### Prompt
The full listing, exactly as written and with no images, is the expected output.

### Exercise data
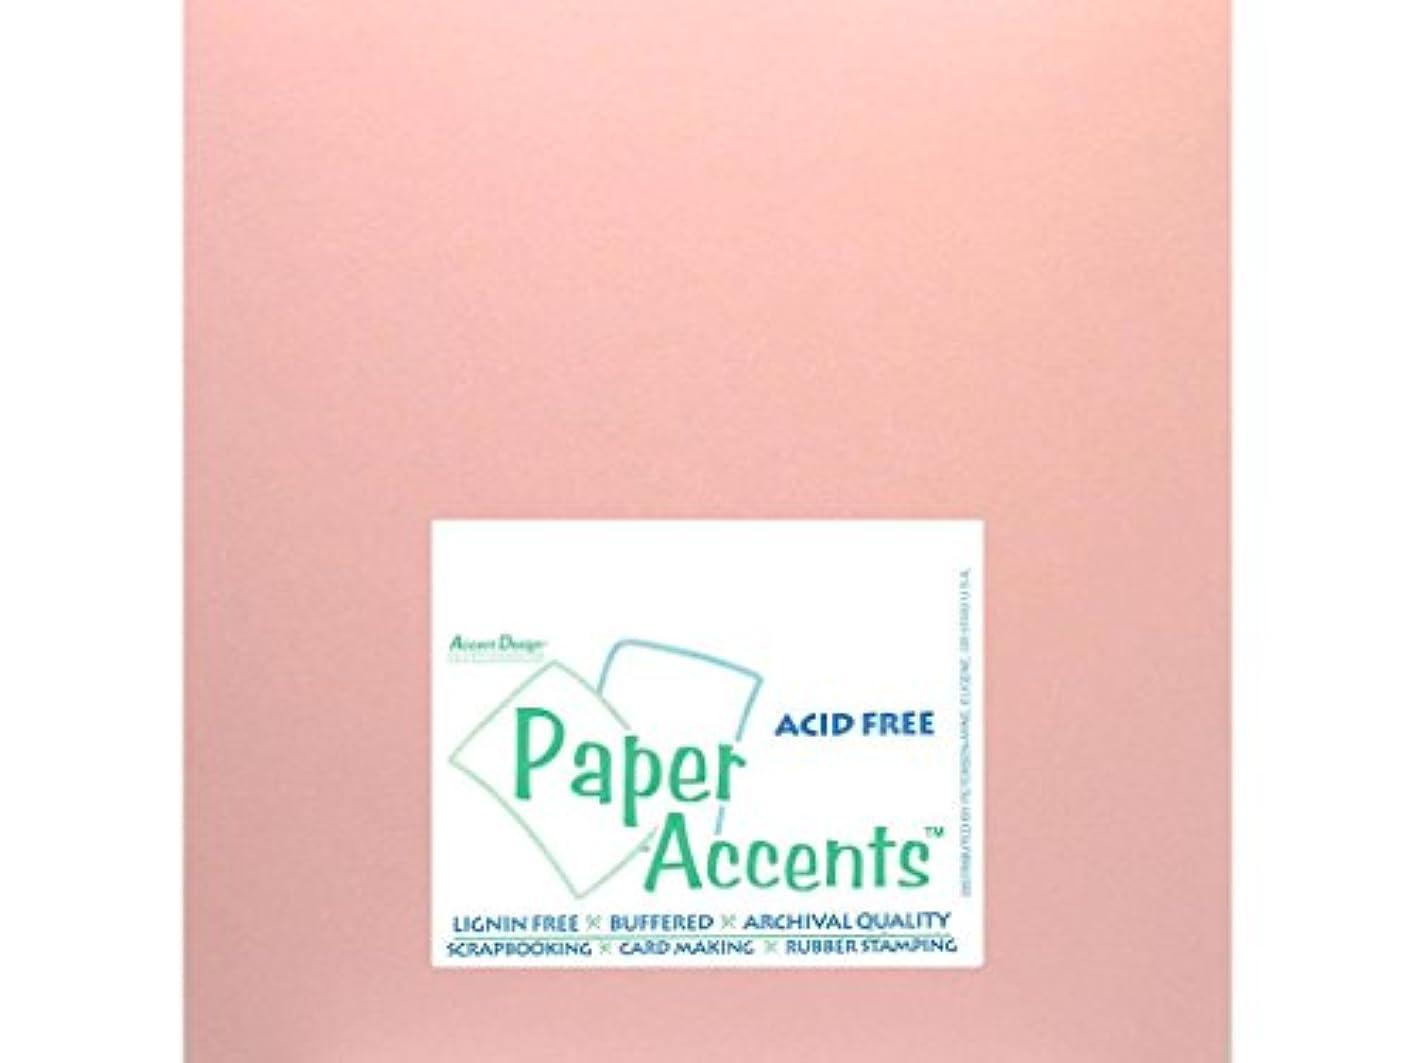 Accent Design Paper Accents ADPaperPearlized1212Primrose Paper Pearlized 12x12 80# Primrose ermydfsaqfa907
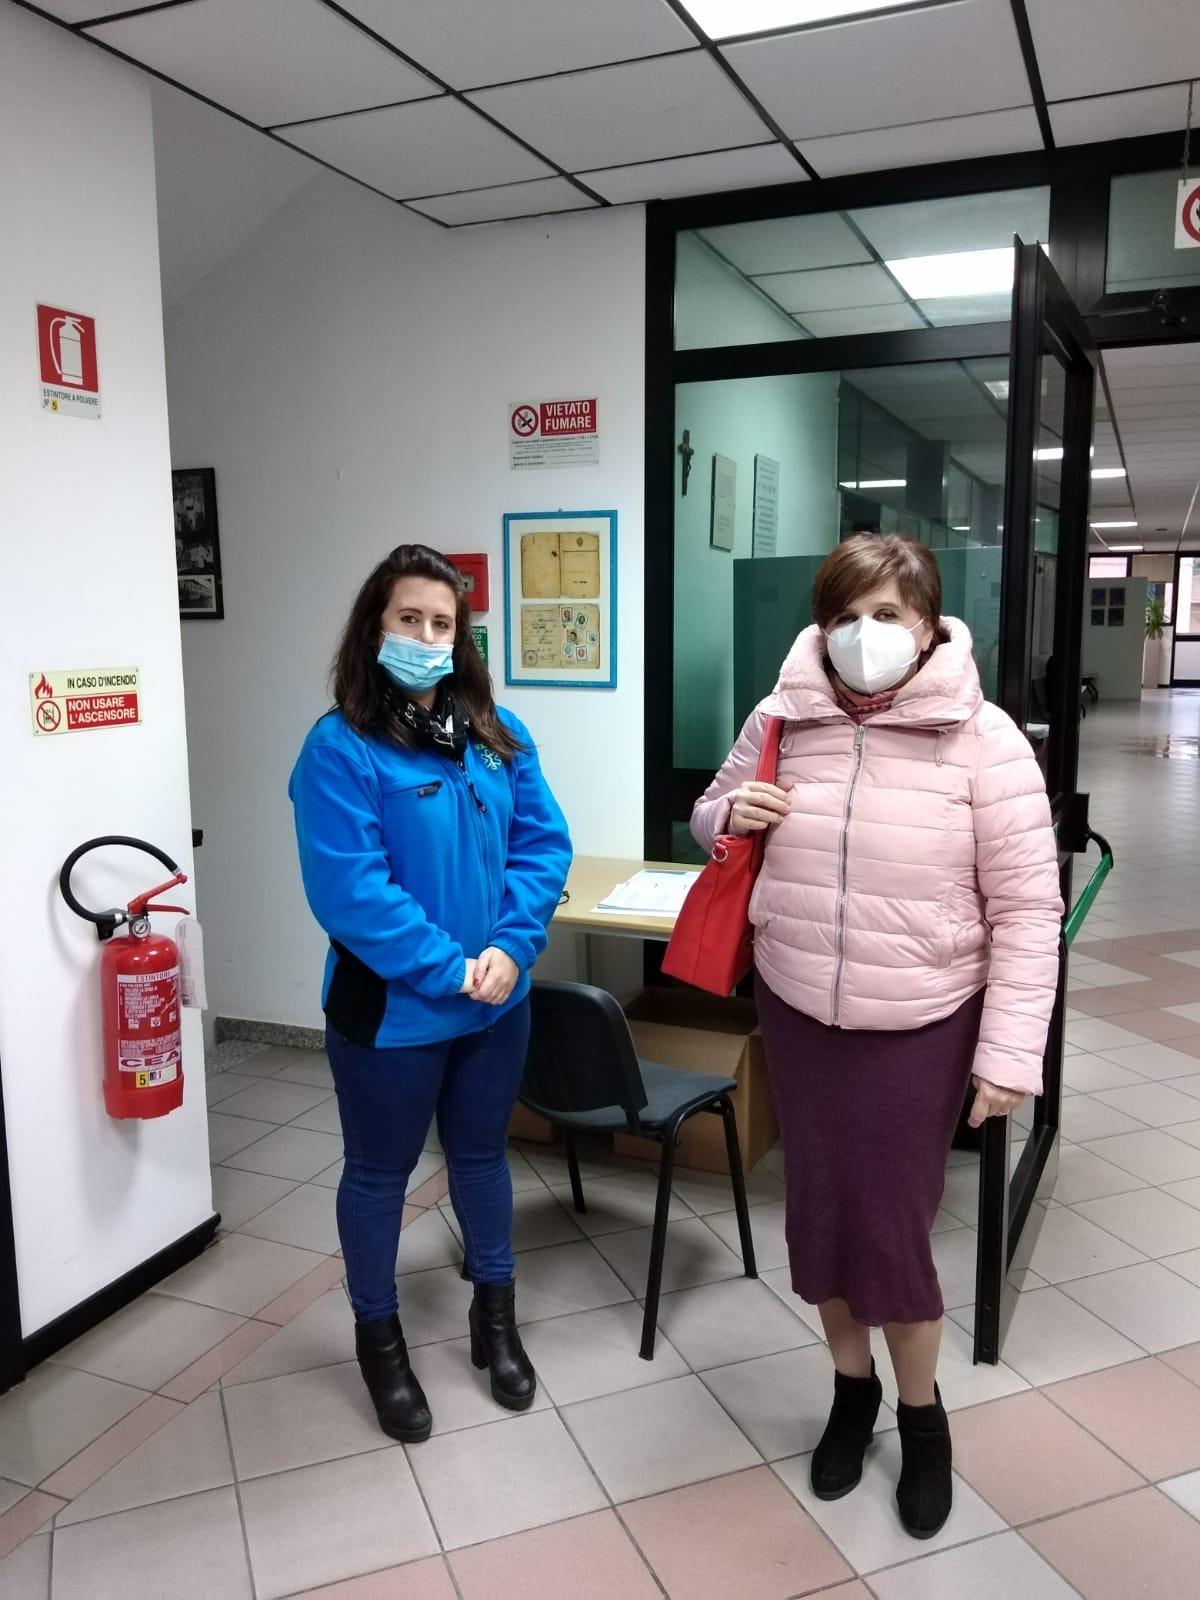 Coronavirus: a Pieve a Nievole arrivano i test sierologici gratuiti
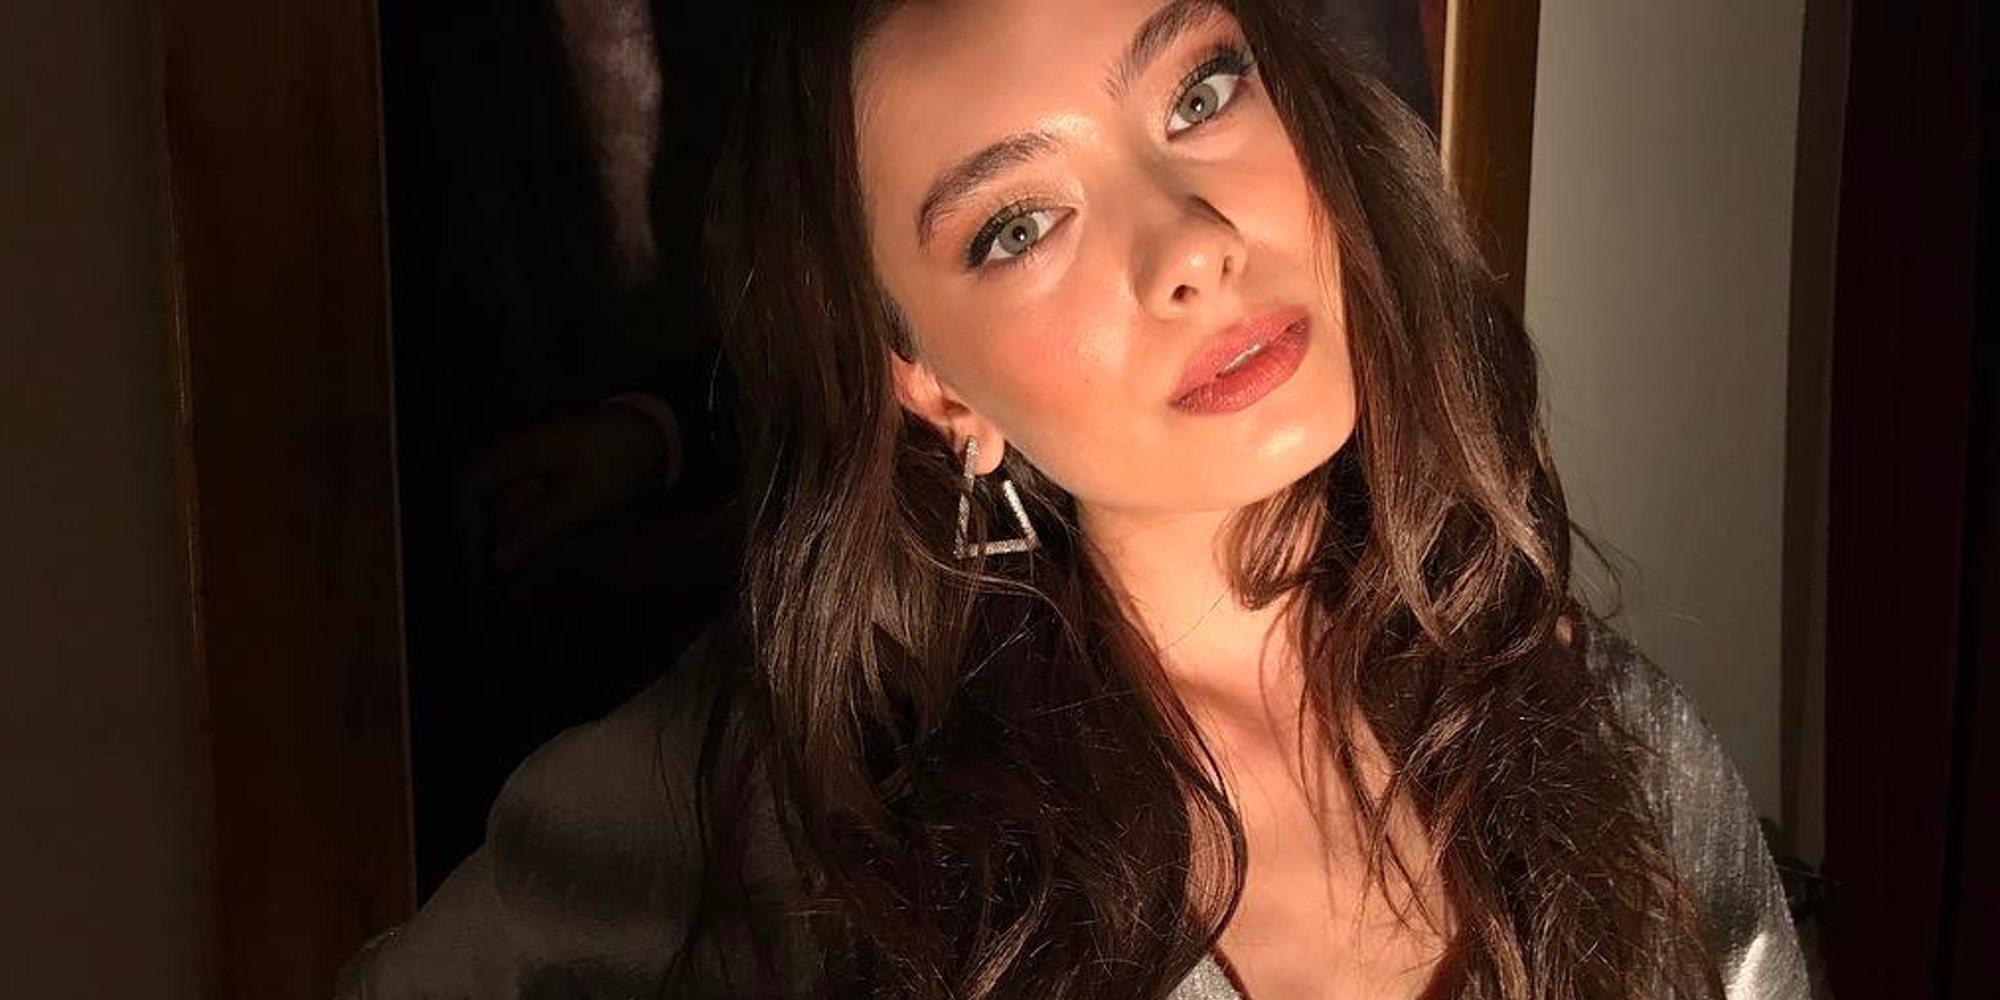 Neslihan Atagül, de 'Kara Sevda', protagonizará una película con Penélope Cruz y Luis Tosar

### Output for this task
 Accent Design Paper Accents ADPaperPearlized1212Primrose Paper Pearlized 12x12 80# Primrose ermydfsaqfa907
 Coronavirus: a Pieve a Nievole arrivano i test sierologici gratuiti
 Neslihan Atagül, de 'Kara Sevda', protagonizará una película con Penélope Cruz y Luis Tosar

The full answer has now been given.